**STORED DATA:**
______

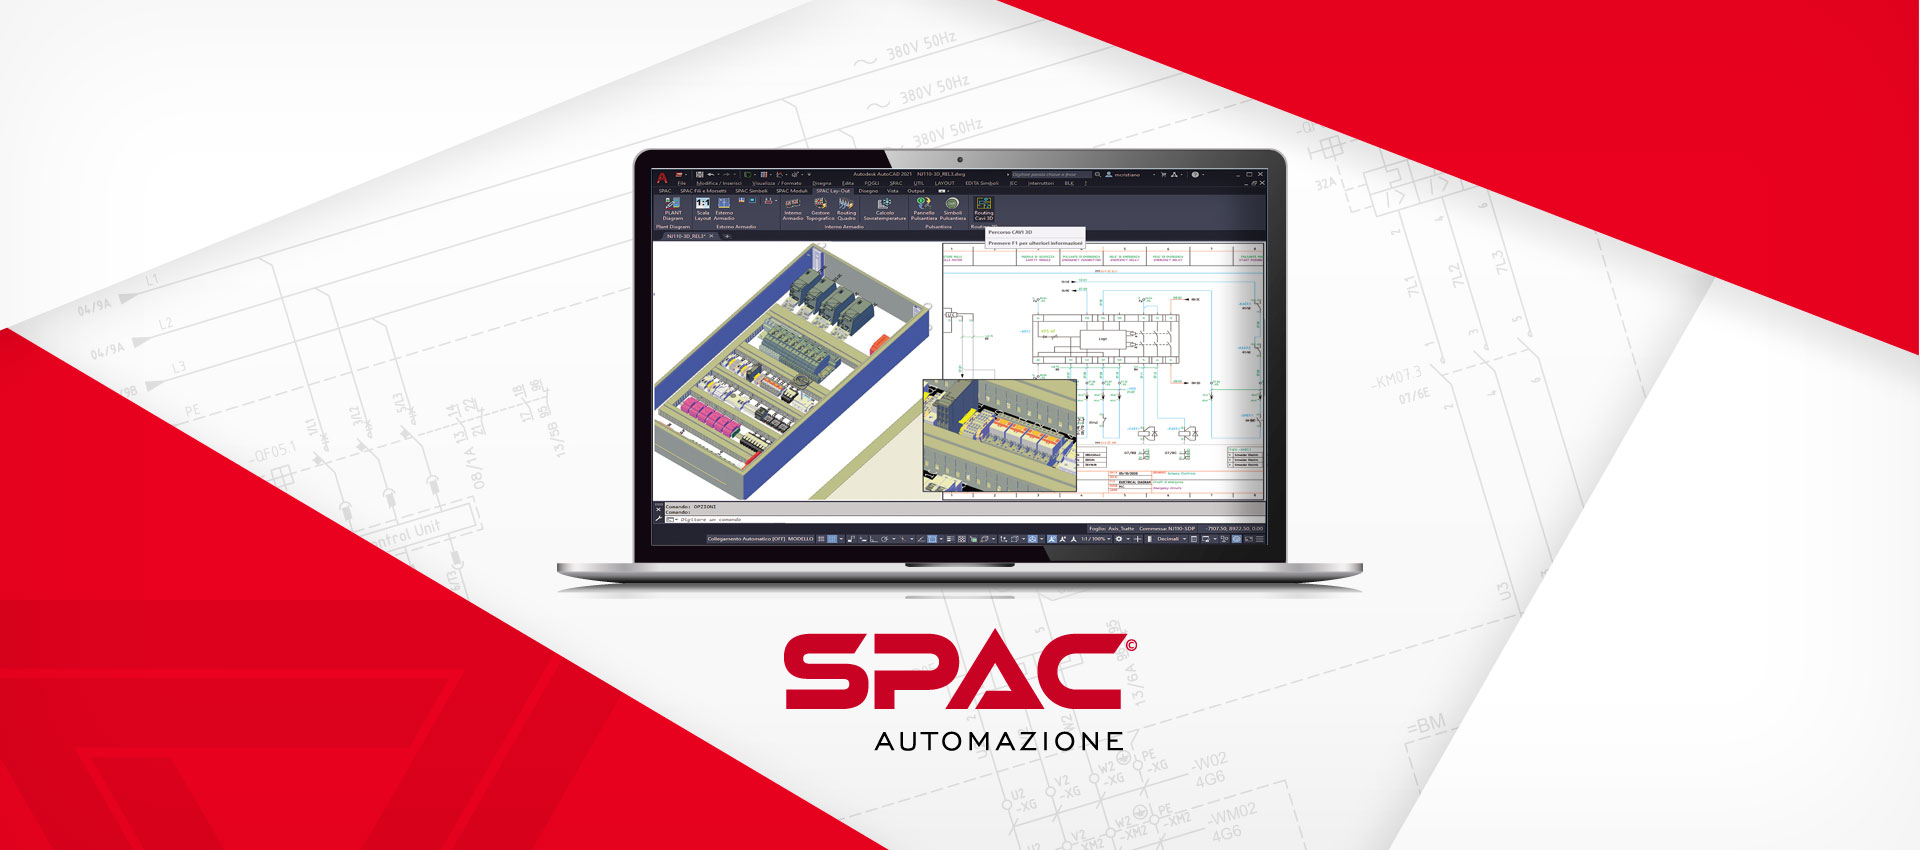 Il software SPAC Automazione per la gestione di progetti industriali
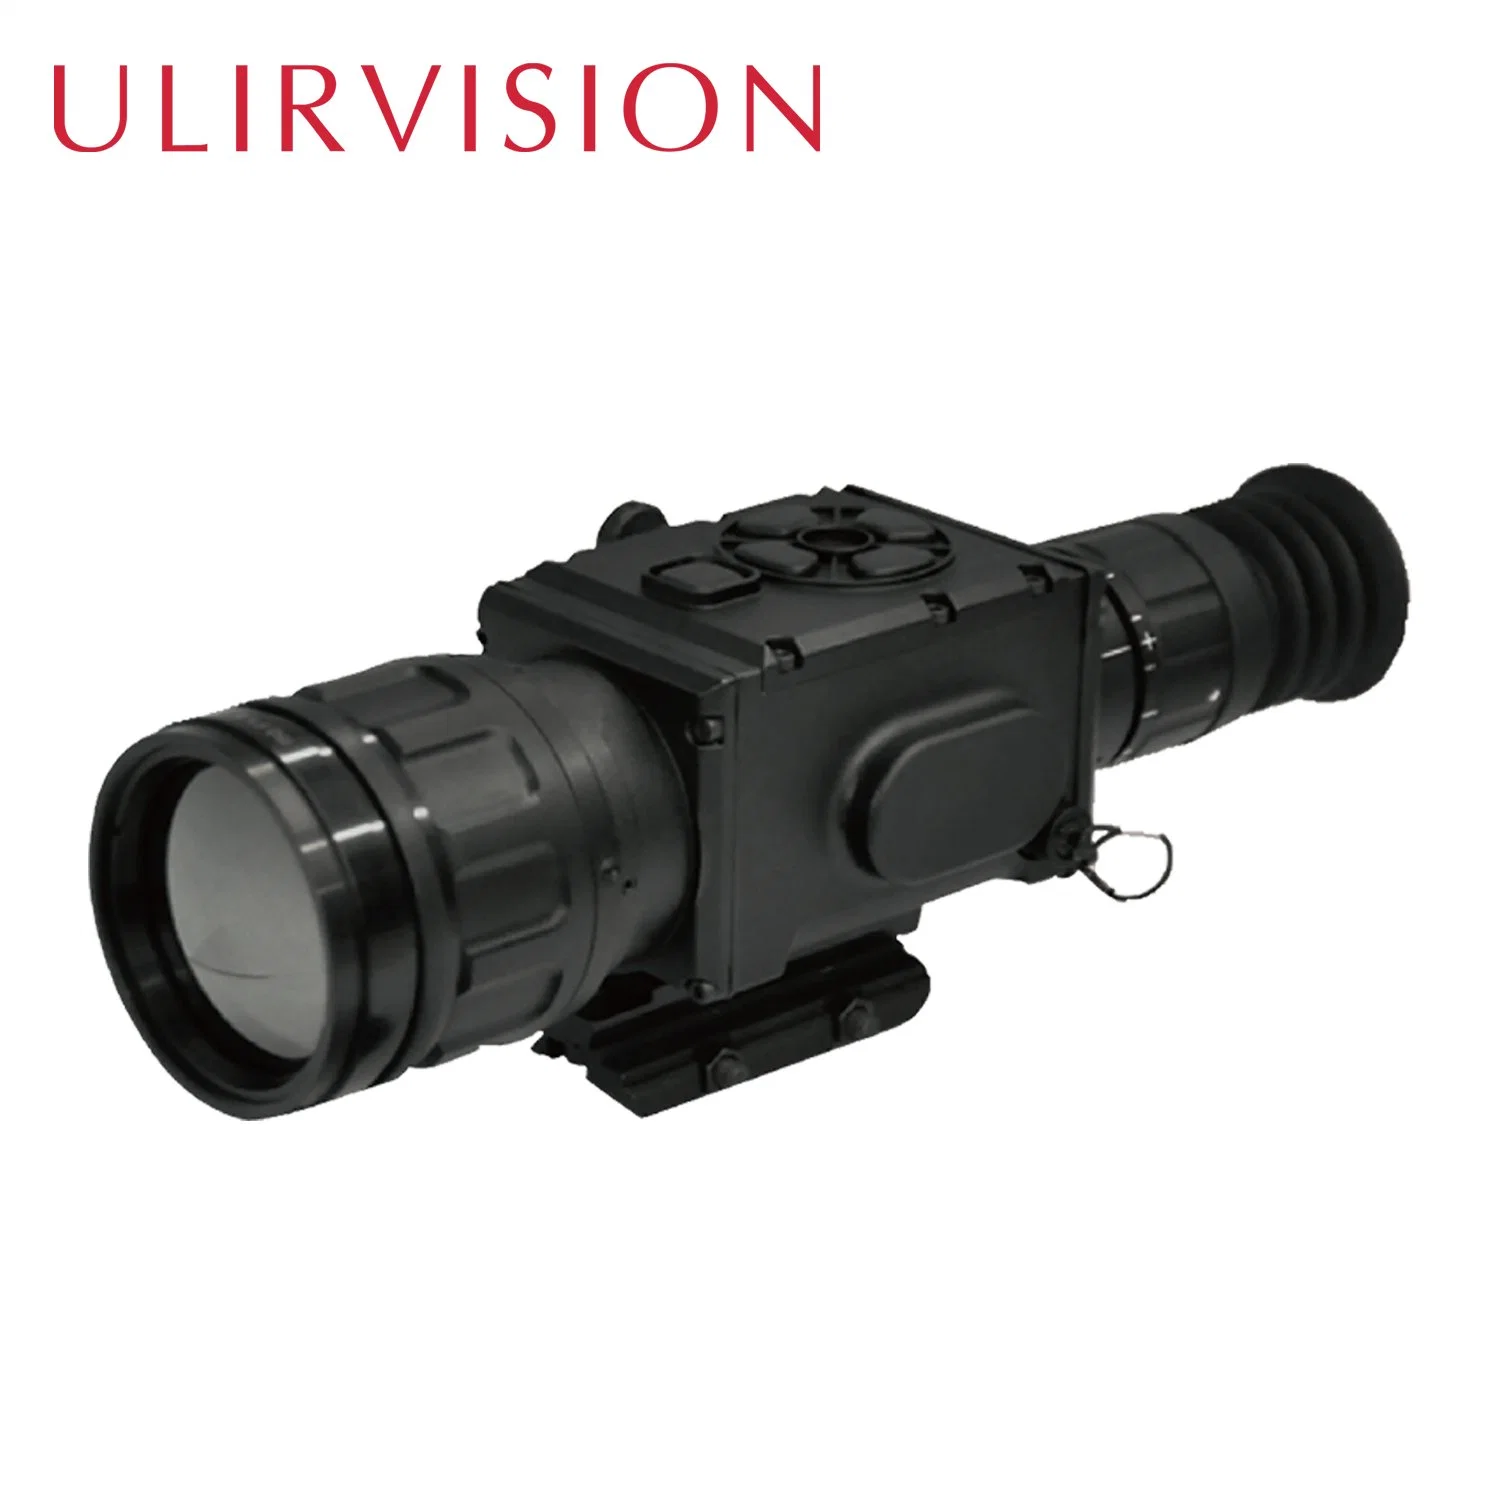 Ulirvision polyvalent de rouge à longue distance Infrarouge visée laser invisible pour la chasse pour la répression de la chasse, de la recherche et le scoutisme.
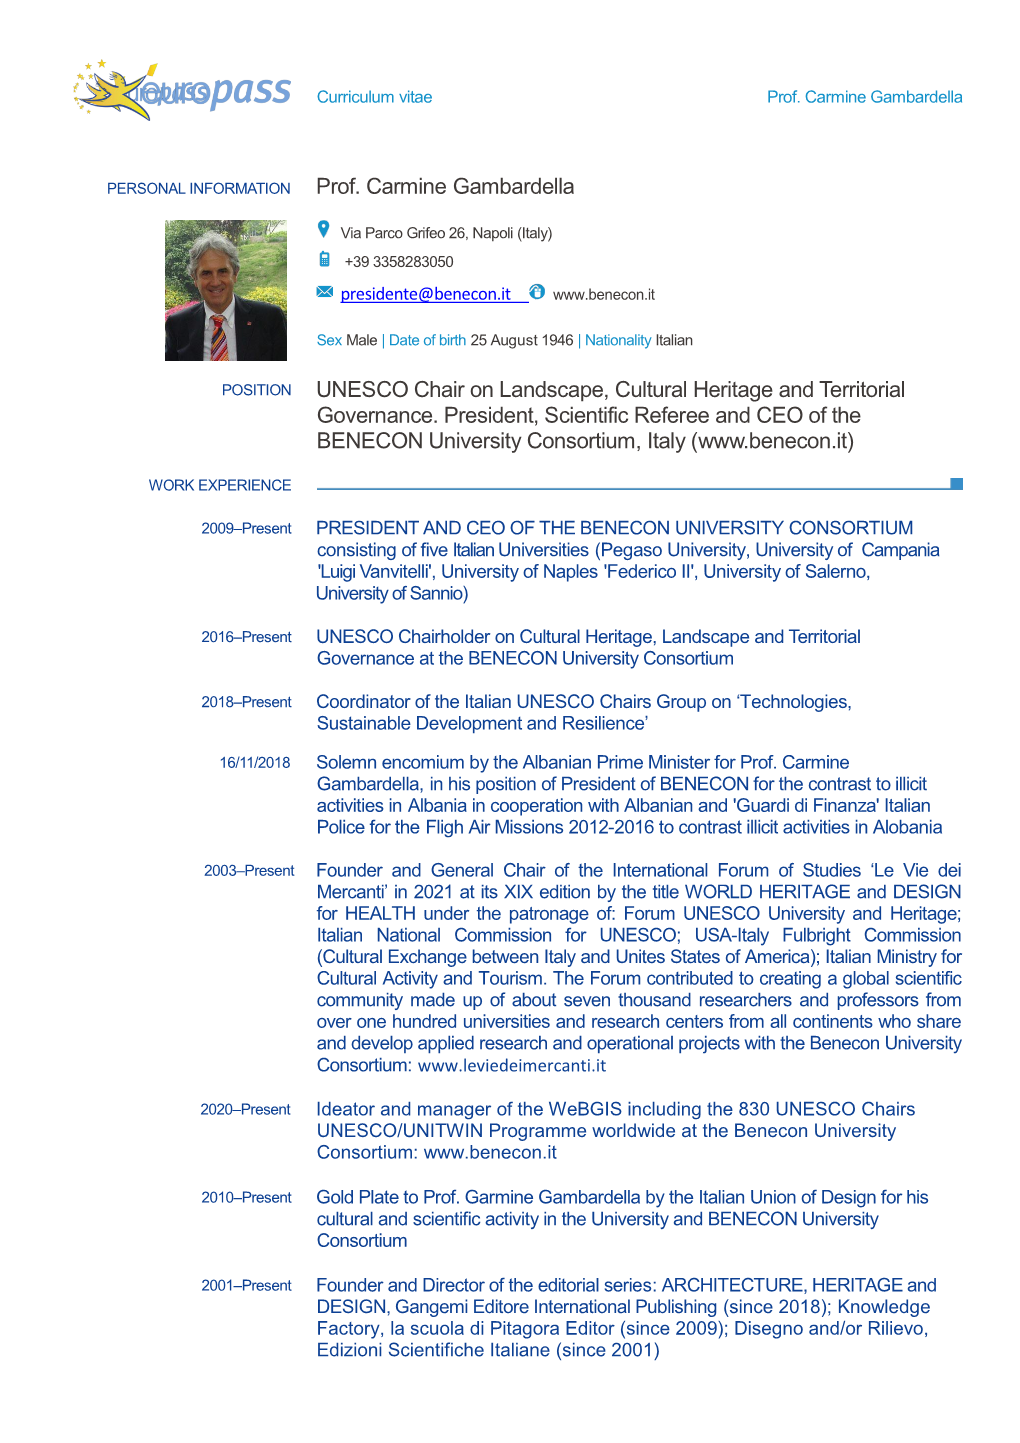 Prof. Carmine Gambardella UNESCO Chair on Landscape, Cultural

______

**ASSIGNMENT:**
The lines to copy run from the one with "Ulirvision polyvalent de" through the end of the material. Write them out exactly, leaving out the pictures.

**RESULT OF THE TASK:**
 Ulirvision polyvalent de rouge à longue distance Infrarouge visée laser invisible pour la chasse pour la répression de la chasse, de la recherche et le scoutisme.
 Prof. Carmine Gambardella UNESCO Chair on Landscape, Cultural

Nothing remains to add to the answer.